Here in Berlin, we’ve taken a comfortable room in the best hotel. I am very much enjoying the life here and haven’t eaten so well and with such an appetite in a long time. The BREAD here is amazing, I’ve been stuffing myself with it, the coffee is excellent, and the dinners are beyond words. People who have never been abroad don’t know how good BREAD can be. . . .

Given the hardships of the 1930s, the Count supposed he could understand why Shalamov (or his superiors) had insisted upon this little bit of censorship—having presumed that Chekhov’s observation could only lead to feelings of discontent or ill will. But the irony, of course, was that Chekhov’s observation was no longer even accurate. For surely, by now, the Russian people knew better than anyone in Europe how good a piece of bread could be.

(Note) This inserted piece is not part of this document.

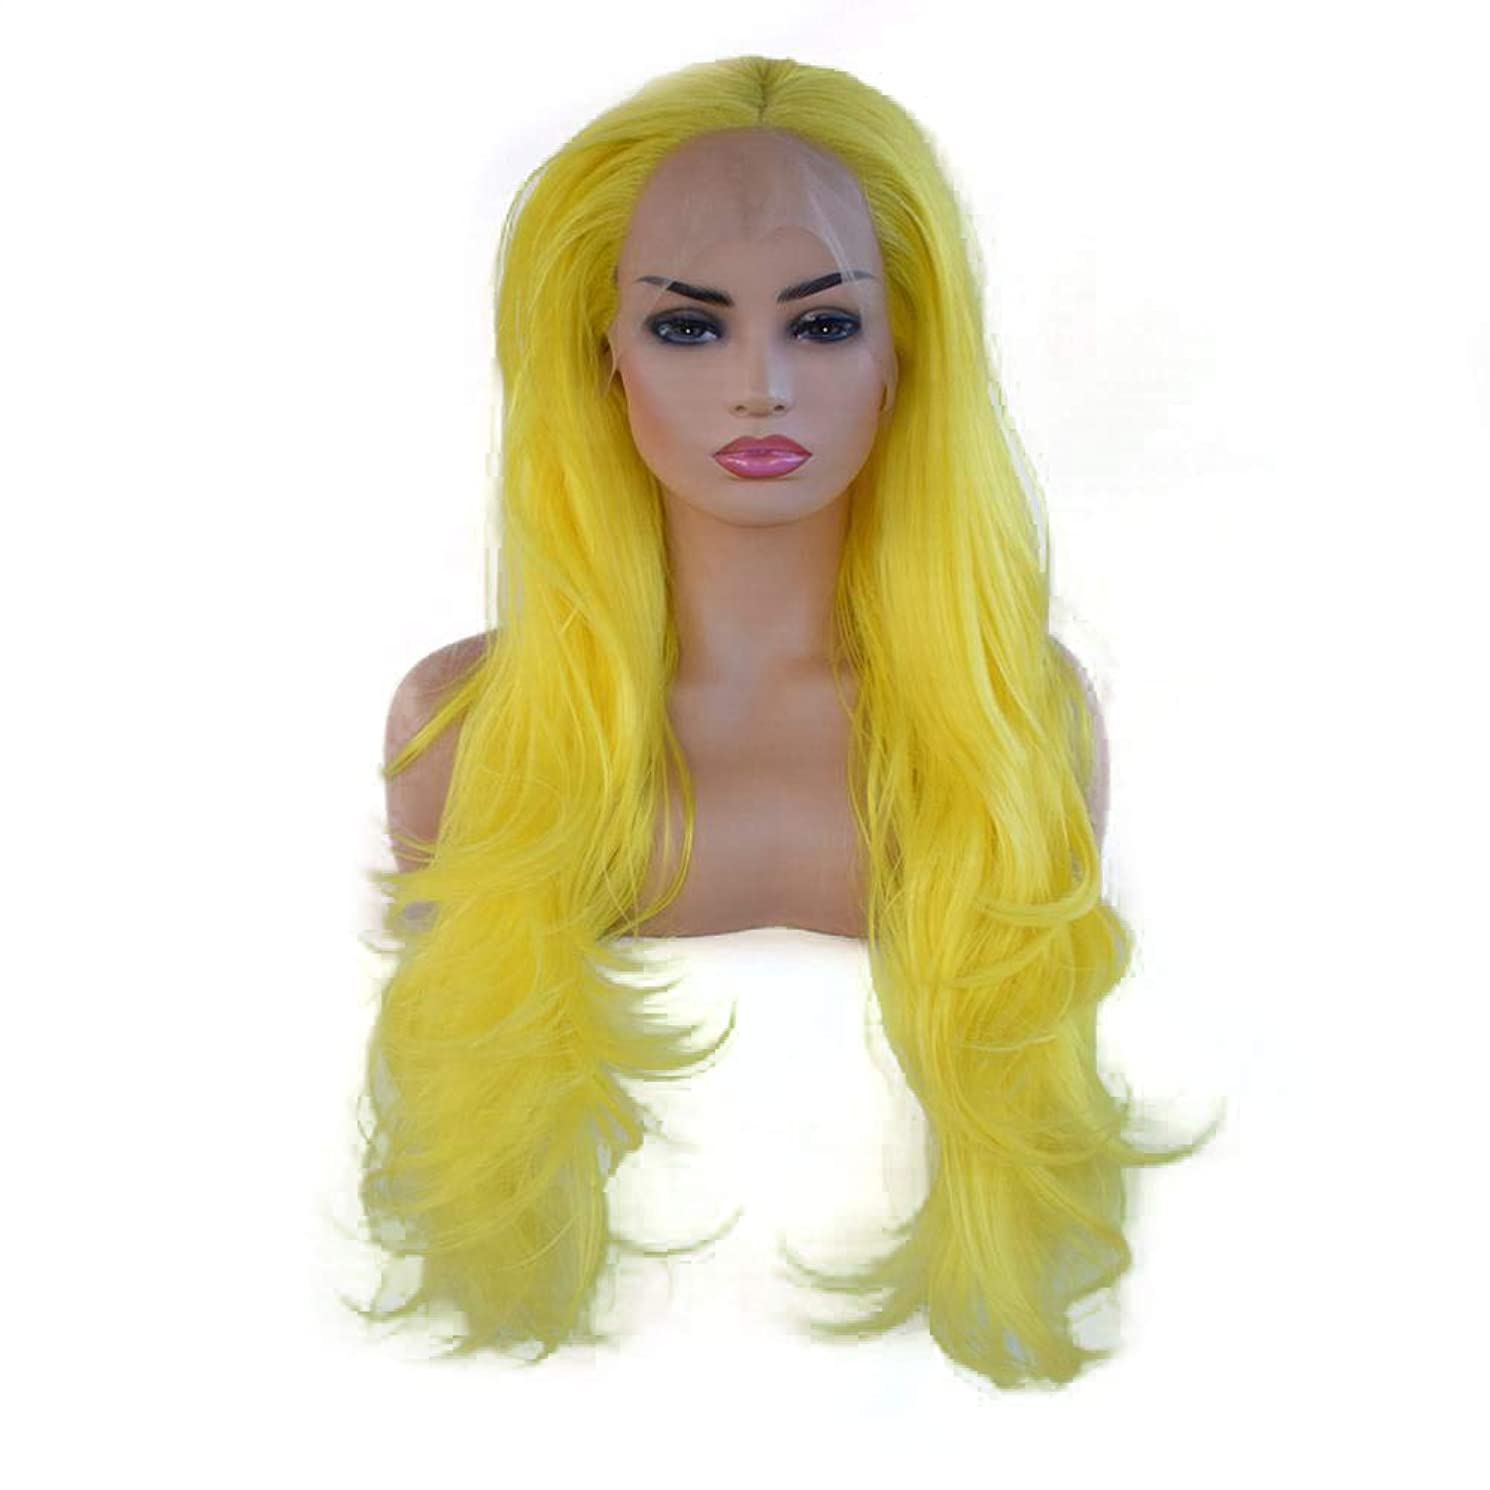 神経衰弱アーチあなたのものBOBIDYEE 黄色の女性の長い巻き毛のフロントレースの化学繊維かつらコスプレウィッグ合成髪のレースのかつらロールプレイングかつら (色 : イエロー)
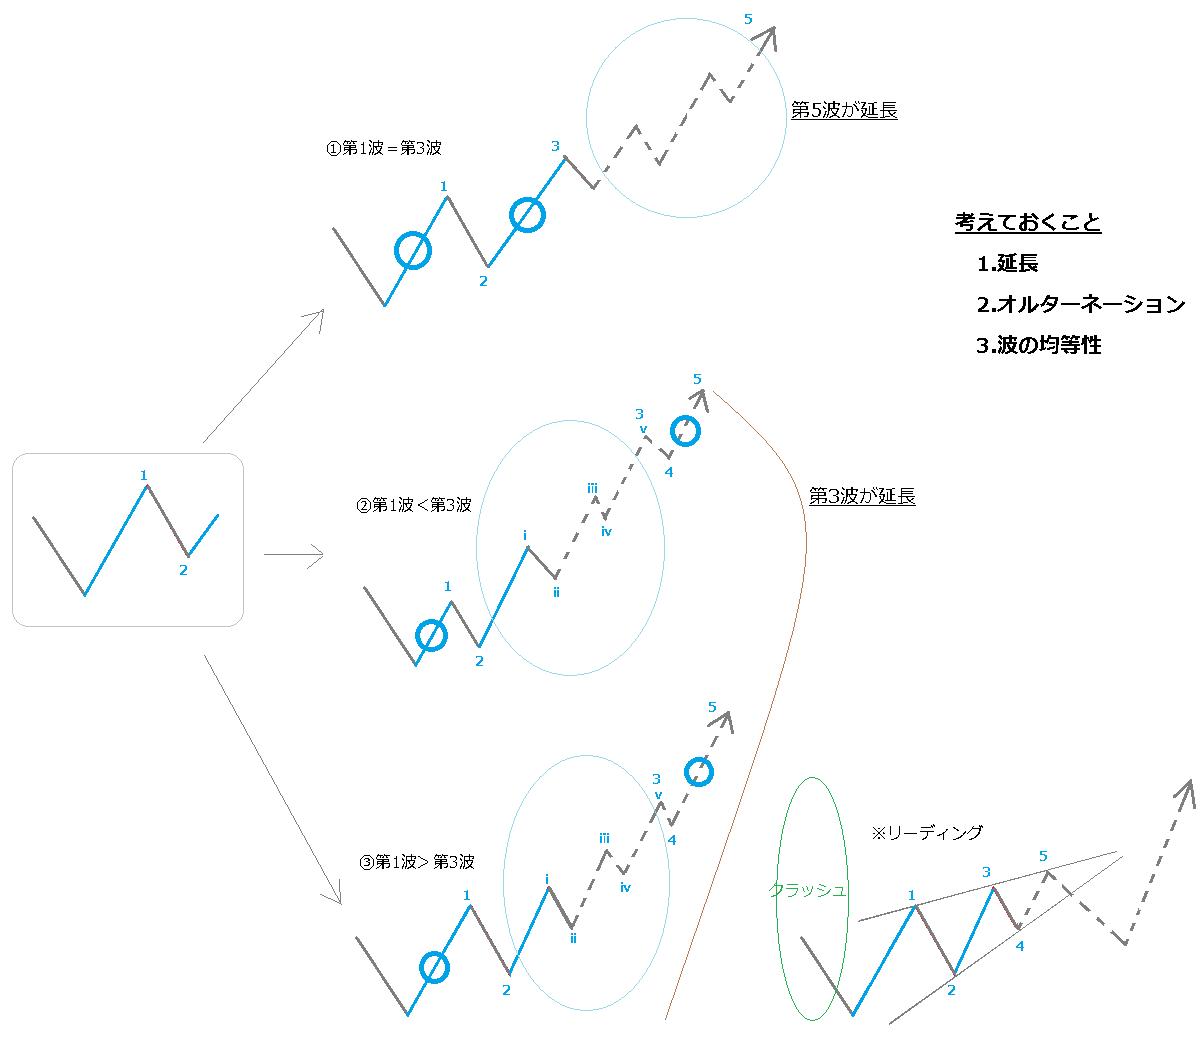 第1波と第3波の関係

When the Count closed Mishka’s book, he did not head straight downstairs to join the others. Instead, he remained in his study, lost in thought.

Given the circumstances, an observer might understandably have drawn the conclusion that as the Count sat there he was dwelling on memories of his old friend. But, in fact, he was no longer thinking about Mishka. He was thinking about Katerina. In particular, he was thinking—with a sense of foreboding—that in the course of twenty years this firefly, this pinwheel, this wonder of the world had become a woman who, when asked where she was going, could answer without the slightest hesitation: Does it matter?